L’équation du Donbass : la ligne rouge territoriale tient bon

Si l’ouverture sur l’OTAN rapproche formellement Kiev d’une revendication russe de longue date, le nœud territorial demeure. Moscou exige toujours que l’Ukraine renonce officiellement à l’OTAN et retire ses troupes de la partie du Donbass qu’elle contrôle encore, tout en maintenant sa ligne c’est -à-dire la neutralité ukrainienne et absence de troupes de l’Alliance sur le sol ukrainien.  

Sur ce terrain, M. Zelensky rejette les scénarios jugés trop favorables au Kremlin.
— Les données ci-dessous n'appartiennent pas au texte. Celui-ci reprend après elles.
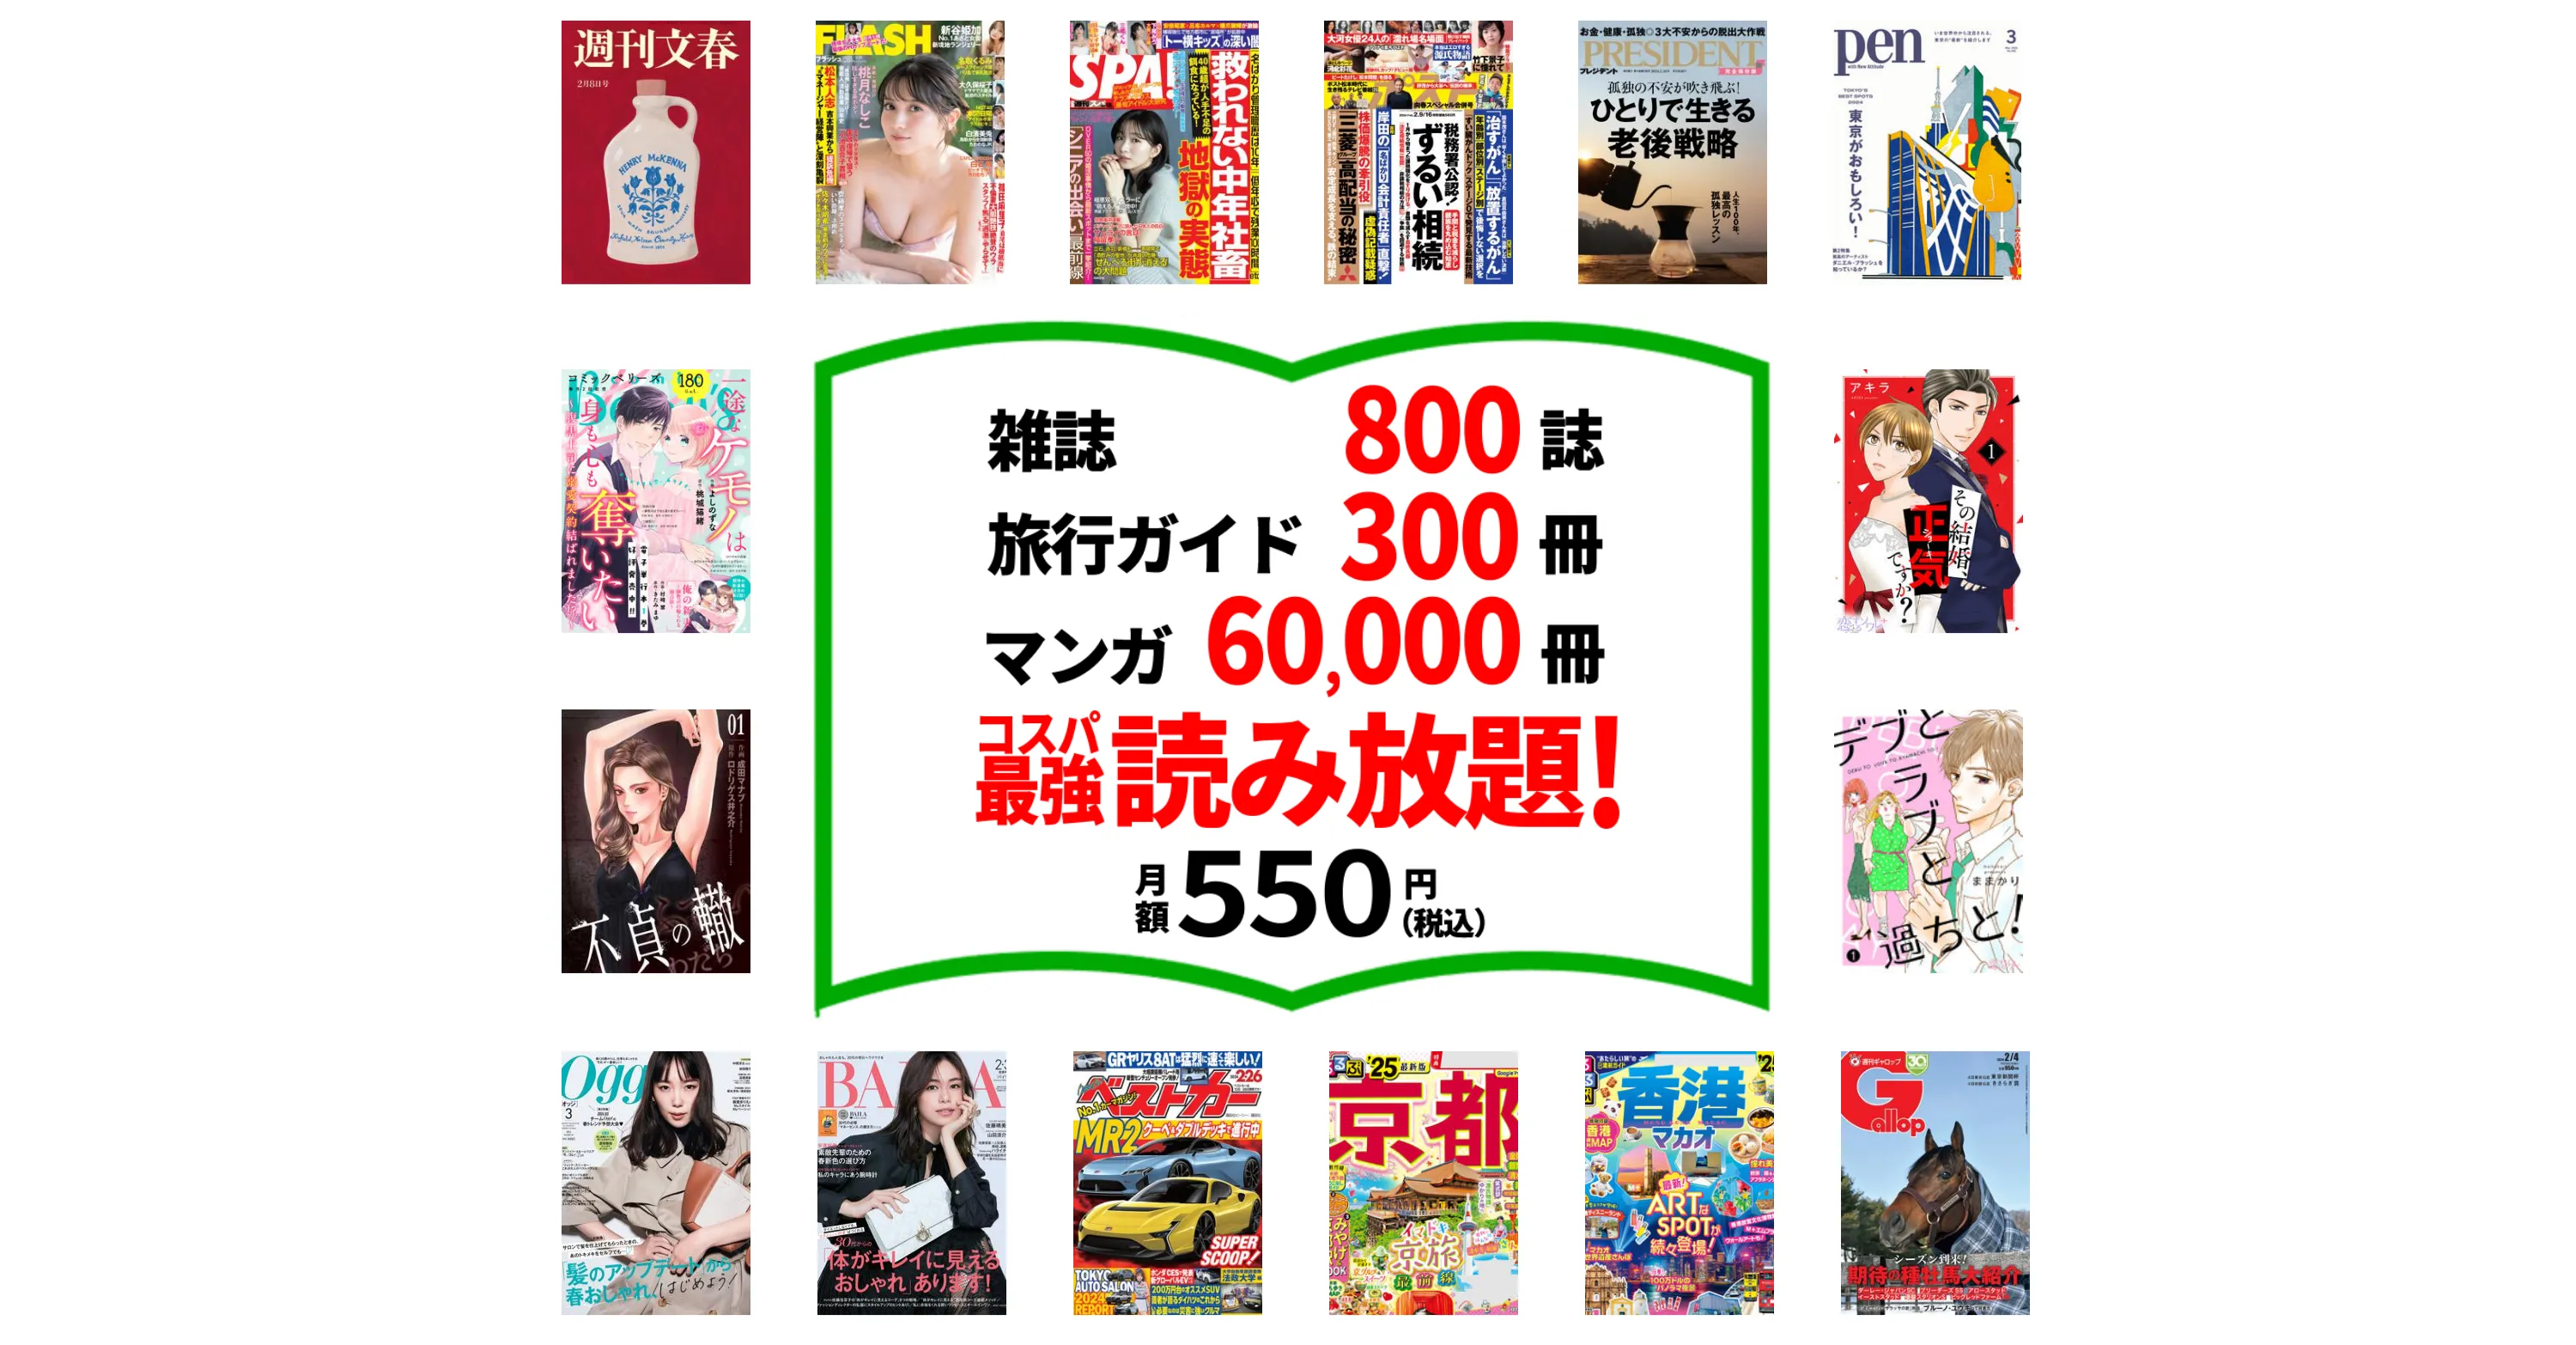 たった550円で雑誌800誌 旅行ガイド300冊 漫画60,000冊以上読み放題。最初の1ヵ月無料。

Il a notamment repoussé, selon l’AP, une idée discutée côté américain consistant à envisager un retrait ukrainien dans le Donetsk et la création d’une zone démilitarisée / zone économique, qu’il juge « injuste » et « inapplicable ».  

Dans le même temps, il dit considérer qu’un cessez-le-feu sur les lignes de front actuelles pourrait constituer « une option juste », au terme d’un processus évoqué comme un plan en 20 points.

Sans implication américaine, les garanties « ne valent pas grand-chose »

Les capitales européennes, qui cherchent depuis des semaines à amender et « durcir » les projets américains, affichent une prudence mêlée d’inquiétude. Reuters rapporte les réserves du ministre allemand de la défense, Boris Pistorius : des garanties purement déclaratives, et a fortiori sans engagement significatif des Etats-Unis, « ne vaudraient pas grand-chose », au regard des précédents historiques.  

Toujours selon Reuters, la France, le Royaume-Uni et l’Allemagne travaillent à affiner les propositions américaines, dans un moment décrit comme « critique » pour l’avenir ukrainien, tandis que des discussions se poursuivent sur l’usage des avoirs russes gelés pour soutenir l’effort de guerre et le budget civil de Kiev.

Un basculement politique, pas (encore) une capitulation stratégique

Pour Kiev, l’enjeu est d’éviter que le renoncement à l’OTAN ne devienne un simple habillage d’une neutralisation imposée. Le site de l’OTAN rappelle que l’Ukraine a formalisé, au fil des années, une trajectoire visant l’adhésion, réaffirmée notamment après 2022.  

A Berlin, M. Zelensky cherche donc à transformer un « non » de l’Alliance, politique et procédural, en un « oui » à une protection équivalente, mais sous un format nouveau : un parapluie de sécurité qui dissuaderait une nouvelle agression russe sans déclencher, pour les Occidentaux, les contraintes et les risques d’un élargissement immédiat.

Reste que la dynamique est fragile : la guerre continue de dicter son tempo, et la diplomatie, son prix. Dimanche encore, pendant que les délégations se parlaient à Berlin, Moscou et Kiev poursuivaient leurs frappes et leurs opérations, rappelant que toute « architecture de garanties » ne vaut que si elle survit au premier choc.